By multi-sourcing, an enterprise customer selects multiple providers of services and integrates their outputs.
Best of Breed for a Class of Services
As opposed to single-source procurement, in multi-sourcing the enterprise retains the flexibility to hire “best of breed” providers to perform a given function. As suggested by the name, “best of breed” providers do not necessarily offer the breadth of service, but claim to have deep knowledge of the particular function. Indeed, they claim to be specialists in these areas.
Multi-Sourcing for the Same Class of Services
As a variation, the enterprise might identify a set of several qualified service providers and split the work between them to diversify risk, create competition and internal competitive pricing, and prepare for possible transfer to all functions in the class of service to a “winner.”

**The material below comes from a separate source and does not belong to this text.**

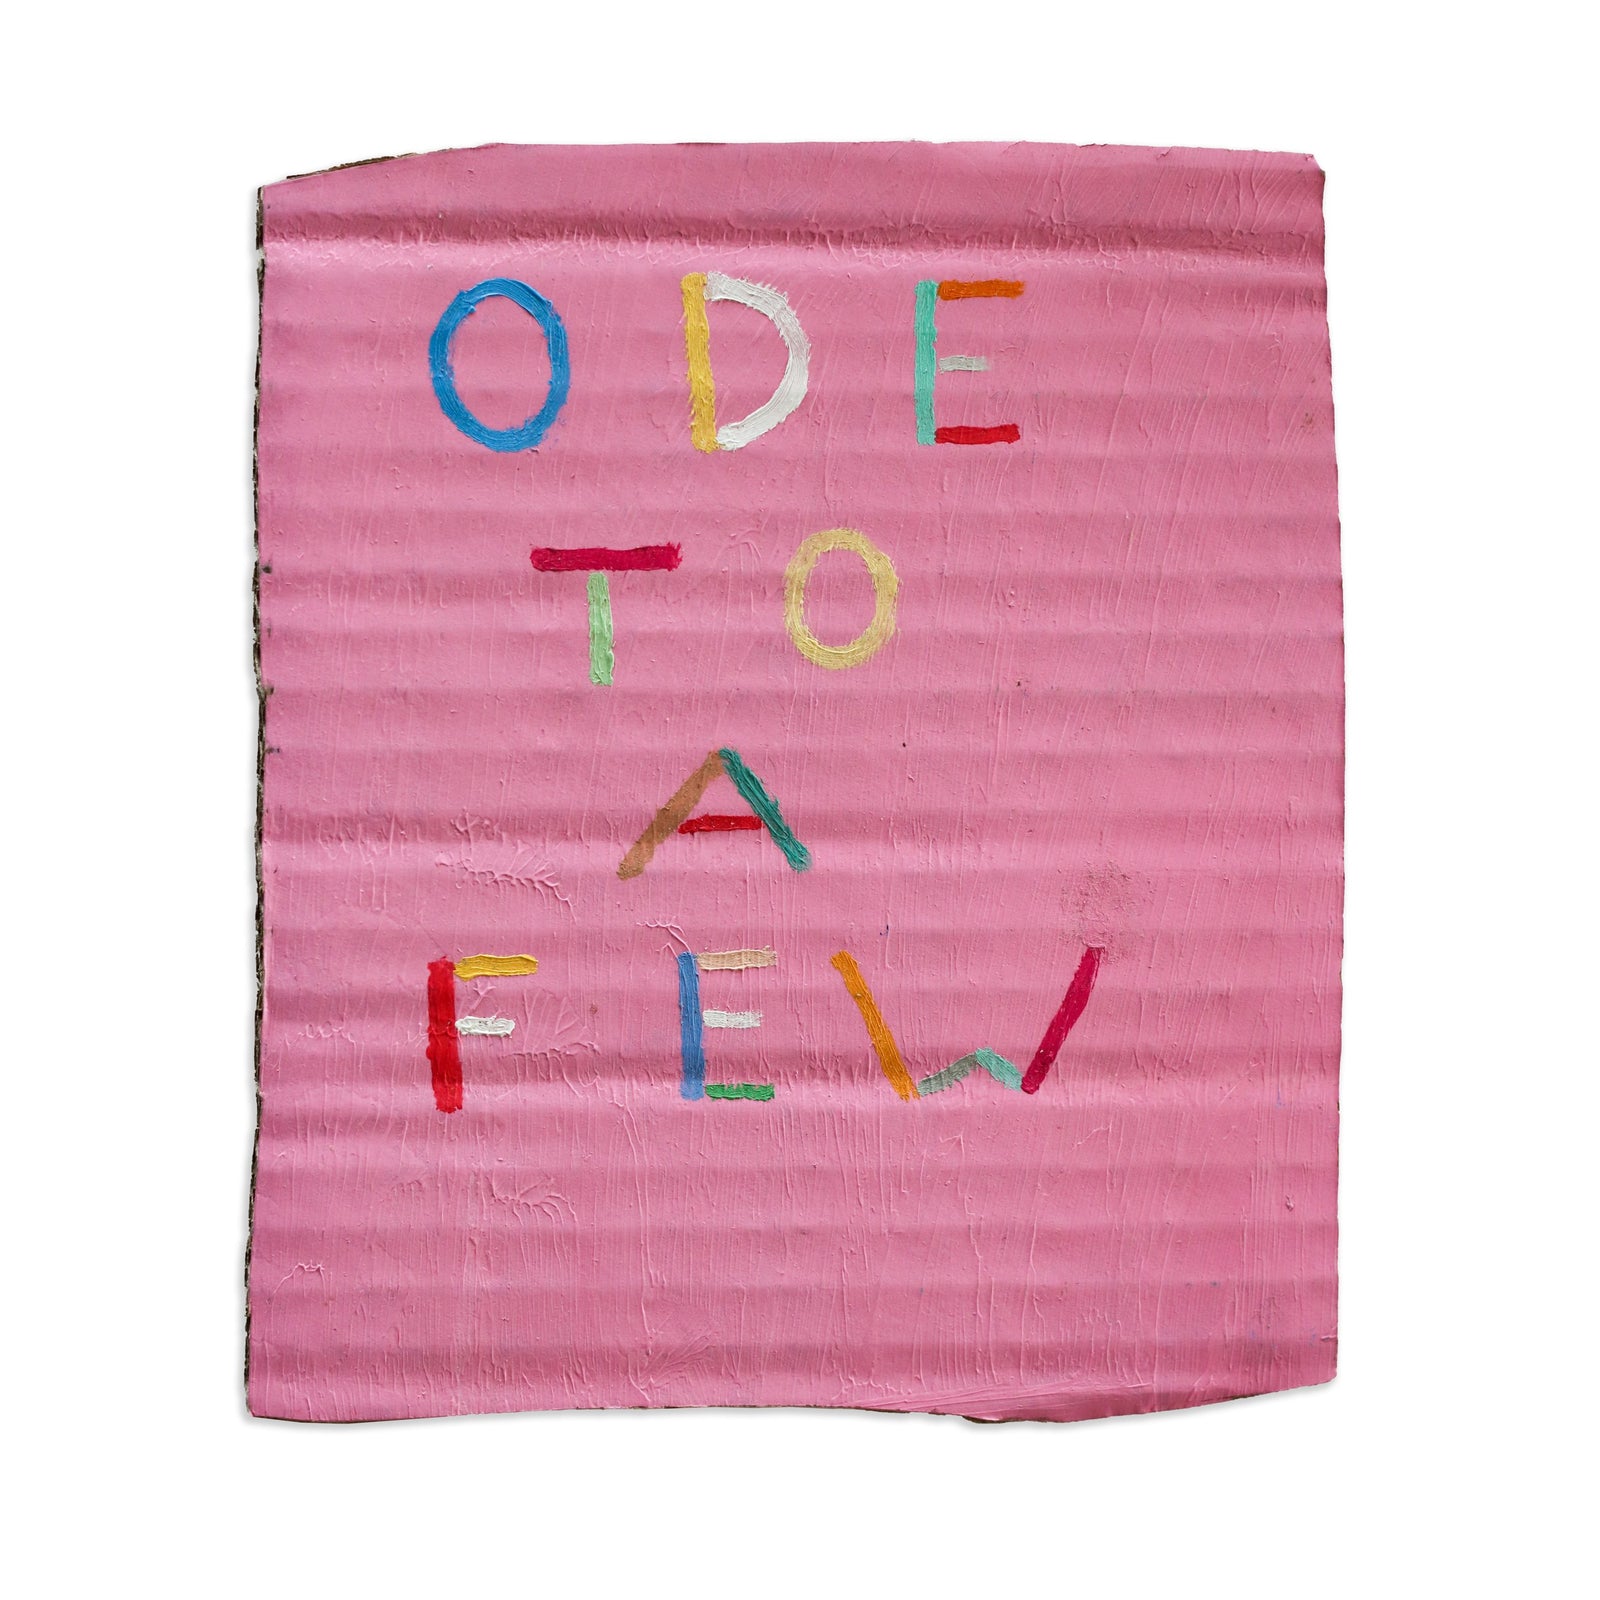 James Hale | ODE TO A FEW (PINK)

Common Problems with Multi-Sourcing
Multi-sourcing promotes competition and may improve both quality and price for the enterprise customer. But it also creates additional problems that sophisticated enterprise customers gear up to overcome.

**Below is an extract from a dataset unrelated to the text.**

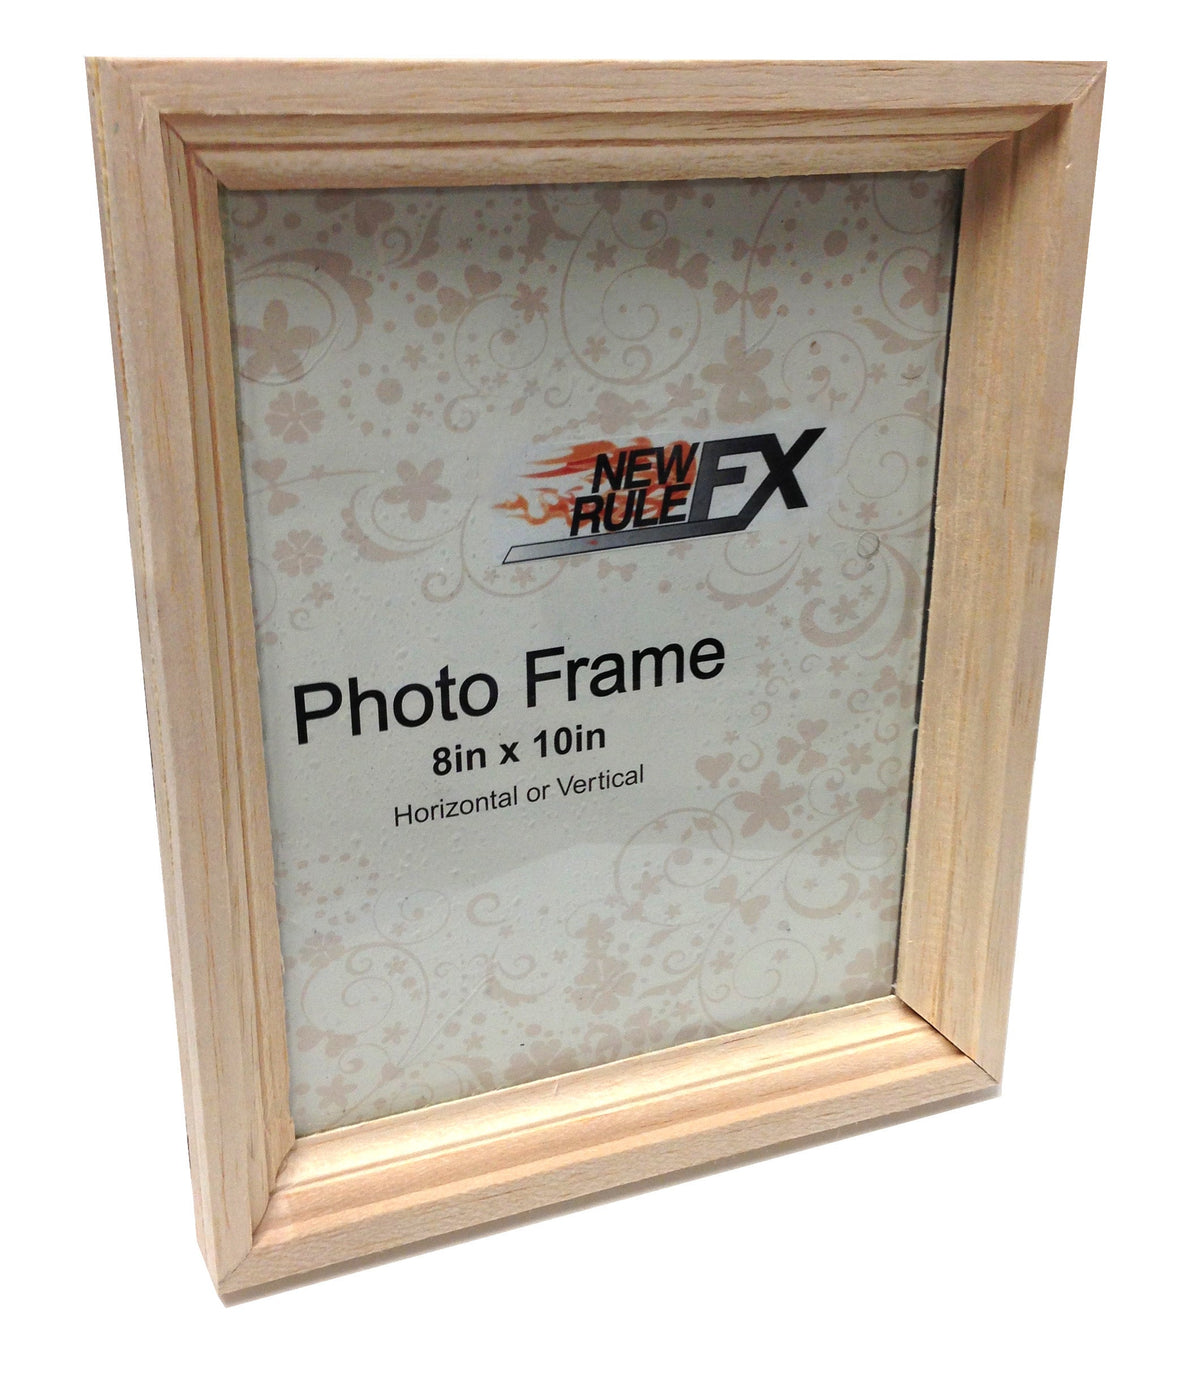 Balsa Wood and Breakaway Glass 8x10 Picture Frame Smashable Stunt Prop - NATURAL - Natural

The number of interactions between the enterprise customer and its external service providers, as well as the necessary internal interactions between contract administrators and line-of-business managers, increases exponentially with multi-sourcing. The costs of adding complexity should be considered in the financial assessment of the project structure. For smaller projects, the size might not justify distribution of part of the work to different service providers, unless there are other purposes such as risk diversification, avoiding the expiration of all relevant contracts on the same date, studying the methodologies and operational structures of the service providers and the ability to achieve rapid growth of demand in order to meet rapid growth in customer demand.
Delays and transactions costs.
Implicit in any complex matrix of service providers is structure to manage the process efficiently, dealing with delays and syncopation (leads and lags, in project management parlance) of the different suppliers.
Compared to single-sourcing, multi-sourcing requires additional expenditures on retained resources necessary to manage the external service providers. In large multinational organizations, such resources may already be available at the level of transactional accounting using ERP systems such as SAP and Oracle. At the human resources level, the organization must consciously adopt universal procedures (subject to local adaptations), training of human capital and development of sophisticated knowledge bases and process analytical tools. Marginal financial investments need to be made and maintained for such operations.
Supply Chain Integration.
Legally, the enterprise that hires multiple service providers generally accepts responsibility for integrating the outputs of all the service providers. An exception to this rule appeared in the 1990′s, when automobile manufacturers selected multiple service providers to assemble vehicles under one roof, with no duty to pay any of them unless all of them had performed their duties to advance to the finish line — a finished vehicle. Such exceptions are rare, so the enterprise remains engaged to integrate the work of its suppliers. Service providers and enterprises need to address allocation of responsibilities, supervision, acceptance and non-performance across multiple suppliers, if the enterprise wants any contact between multiple providers.